The first row of Individual 2 has one click
The second row of Individual 2 has one click
The third row of Individual 2 has one click

This is where the problem happens. While there’s only 1 click, Salesforce Data 360 now thinks there are 3 clicks, all clicked by Individual ID 2. As one Individual ID 2 is indistinguishable to our system from another Individual ID 2, the result is that our system thinks there are 3 clicks for Individual ID 2. Everywhere our system is querying the above data, this problem can show up, including in Segmentation, Calculated Insights, and Query APIs.

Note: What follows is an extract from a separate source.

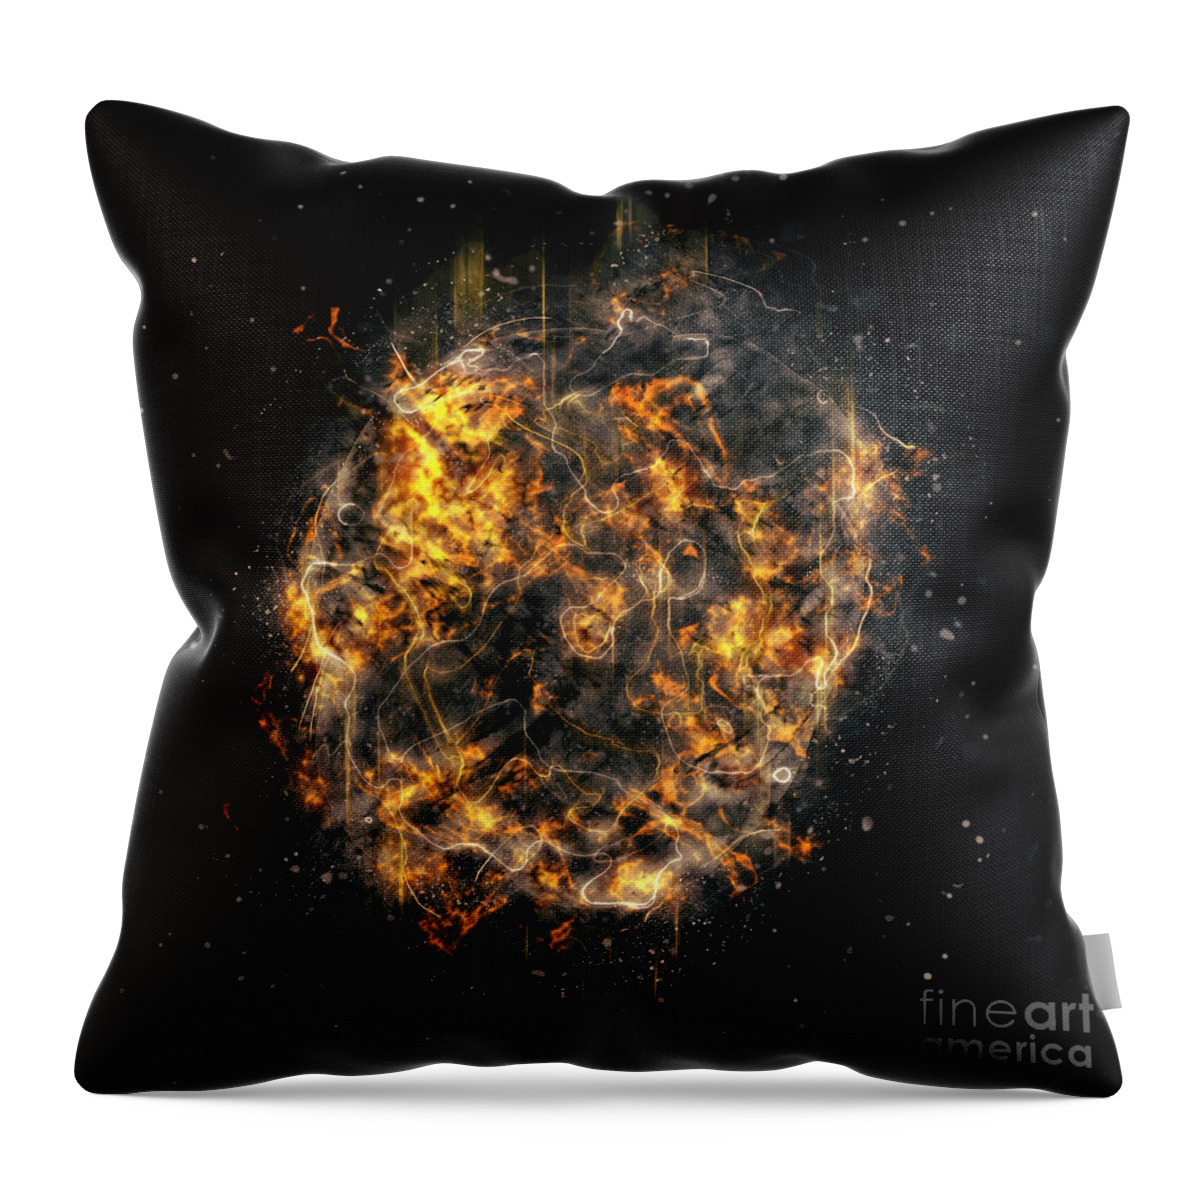 Genesis Throw Pillow featuring the digital art Digitally created Exploding supernova star by Ilan Rosen
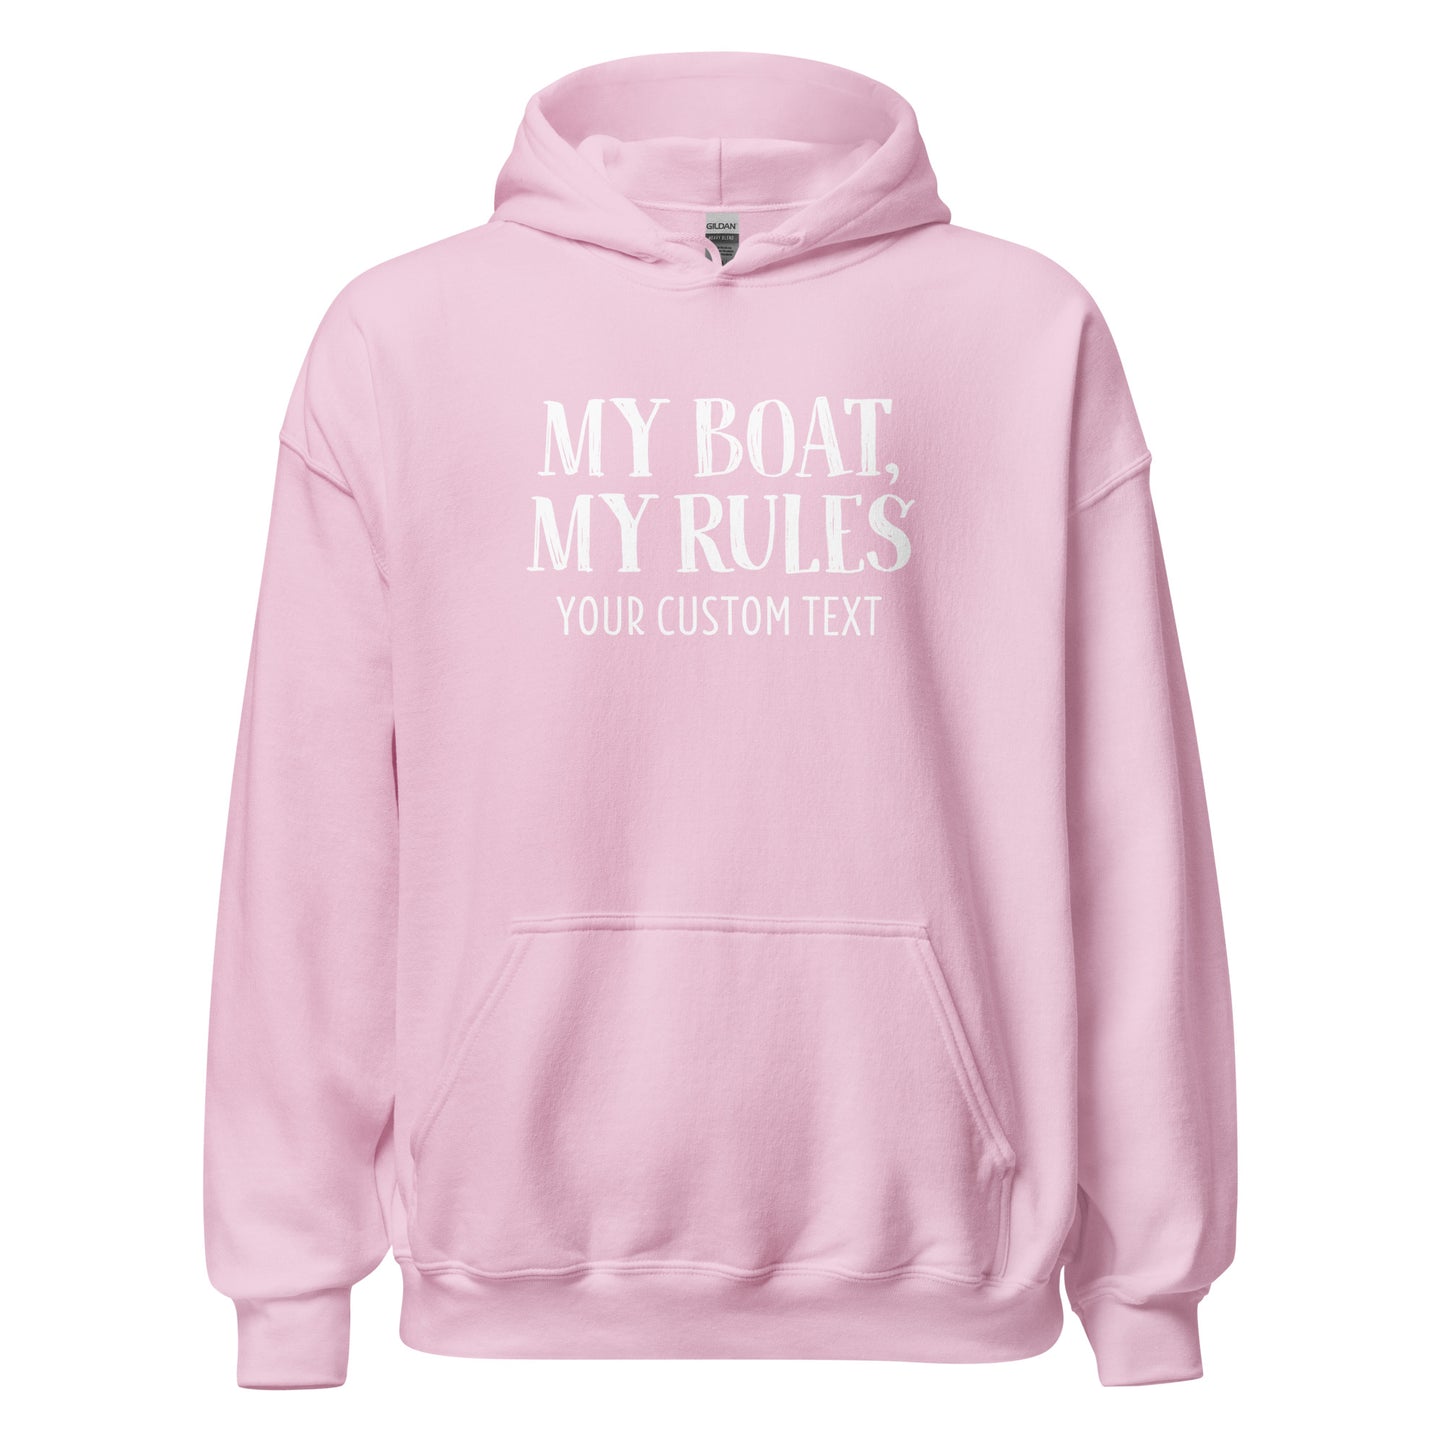 My Boat, My Rules - Smith Mountain Lake Unisex Hoodie Sweatshirt

This problem also manifests in Unified Individual. Let’s say the customer configures a rule that says if Individual ID (via what’s being mapped to our “Party Identification” table) matches, then the individual rows of data are same person, i.e. the “Unified Individual”. By configuring this rule, the customer tells us that the 3 Johns and 3 Stans are in reality the same person. They also configure the Reconciliation rules for each of the attributes - First Name, Gender and Point Balance - in case of conflicts (e.g. Stan vs Stanislav). We create a whole bunch of unified tables (for Individual, for Contact Point Email, Contact Point Phone etc.) and the bridge tables between the unified data and the un-unified data.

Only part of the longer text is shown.